El Paso: Jazz at Sunset


El Paso Jazz at Sunset, 2016

September 2016

One of the reasons I stay in a place for a year is so I can experience an entire cycle of a community's cultural activities.

Jazz at Sunset only happens once a year, so it won out over some other tantalizing ways to spend a Friday evening in El Paso.

The first things to strike me upon arrival at the grassy venue on EPCC's Valle Verde campus were these:
  1. I need to find some shade; and
  2. Oh look! Mosquito-spray stations set up around the perimeter! Loved this for its thoughtfulness and, upon reflection, its low-cost, pro-active, practical approach to a public-health issue in the era of zika. 

El Paso Jazz at Sunset, 2016


Having only recently been introduced to the jugular force of the (well-)spoken word, I admired how the Jazz at Sunset organizers made stage space for two poets during each of the band set-ups. The conjunction of poetry and jazz is a natural one.

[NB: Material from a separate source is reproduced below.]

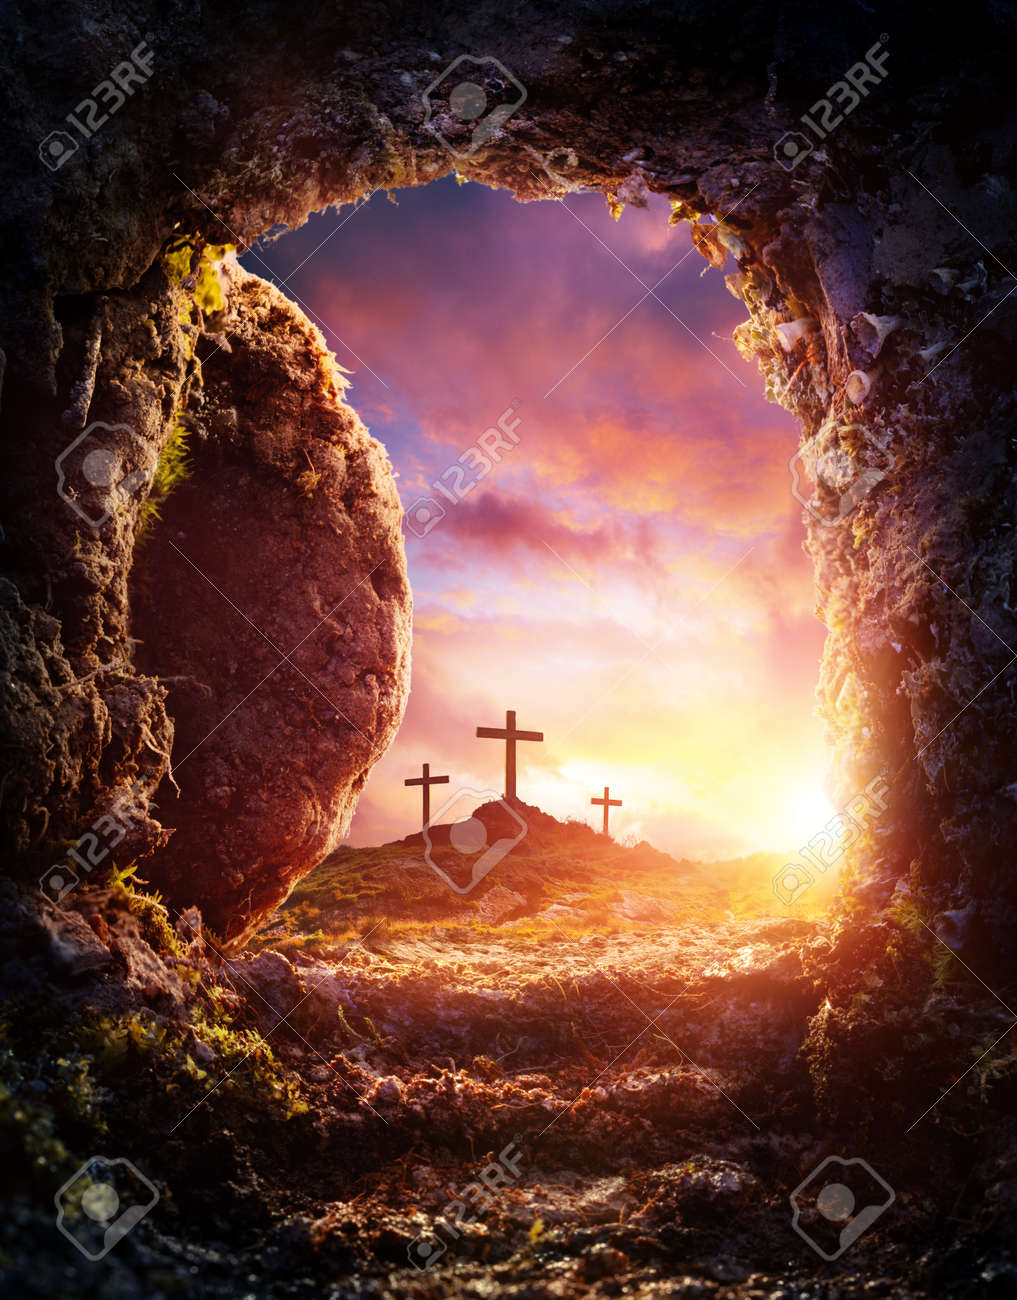 Elegant Empty Tomb   Crucifixion And Resurrection Of Jesus Christ Stock Photo    97199834

Jazz at Sunset featured two poets: Ebonee Norris and [why don't I write this shit down when I'm there? and why wasn't he on the program? So let's call him:] Greg.


Ebonee Norris, El Paso Jazz at Sunset, 2016


The jazz bands included:
  1. Frank Zona & Urban Edge
  2. El Paso Jazz Collective
  3. Billy Townes
  4. Ocean's Four Jazz

I left before Ocean's Four Jazz came on, but I got some film bits of the other three bands.

El Paso Jazz Collective:





Frank Zona and Urban Edge (with a drum solo and a sax solo):




Billy Townes:





Some music hits the spiritual, the emotional, or the physical.

The jazz tonight was like getting a brain massage. I mean, I almost felt the notes get into those wrinkles and crevices of my brain. It felt. Good.


El Paso Jazz at Sunset, 2016

This makes me wonder what jazz does to the brain. Below are some ideas:


In Mozart and Leadbelly, Louisiana writer Ernest J. Gaines says about jazz: 
… I think I have learned as much about writing about my people by listening to blues and jazz and spirituals as I have learned by reading novels. The understatements in the tenor saxophone of Lester Young, the crying, haunting, forever searching sounds of John Coltrane, and the softness and violence of Count Basie’s big band – all have fired my imagination as much as anything in literature. But the rural blues, maybe because of my background, is my choice in music.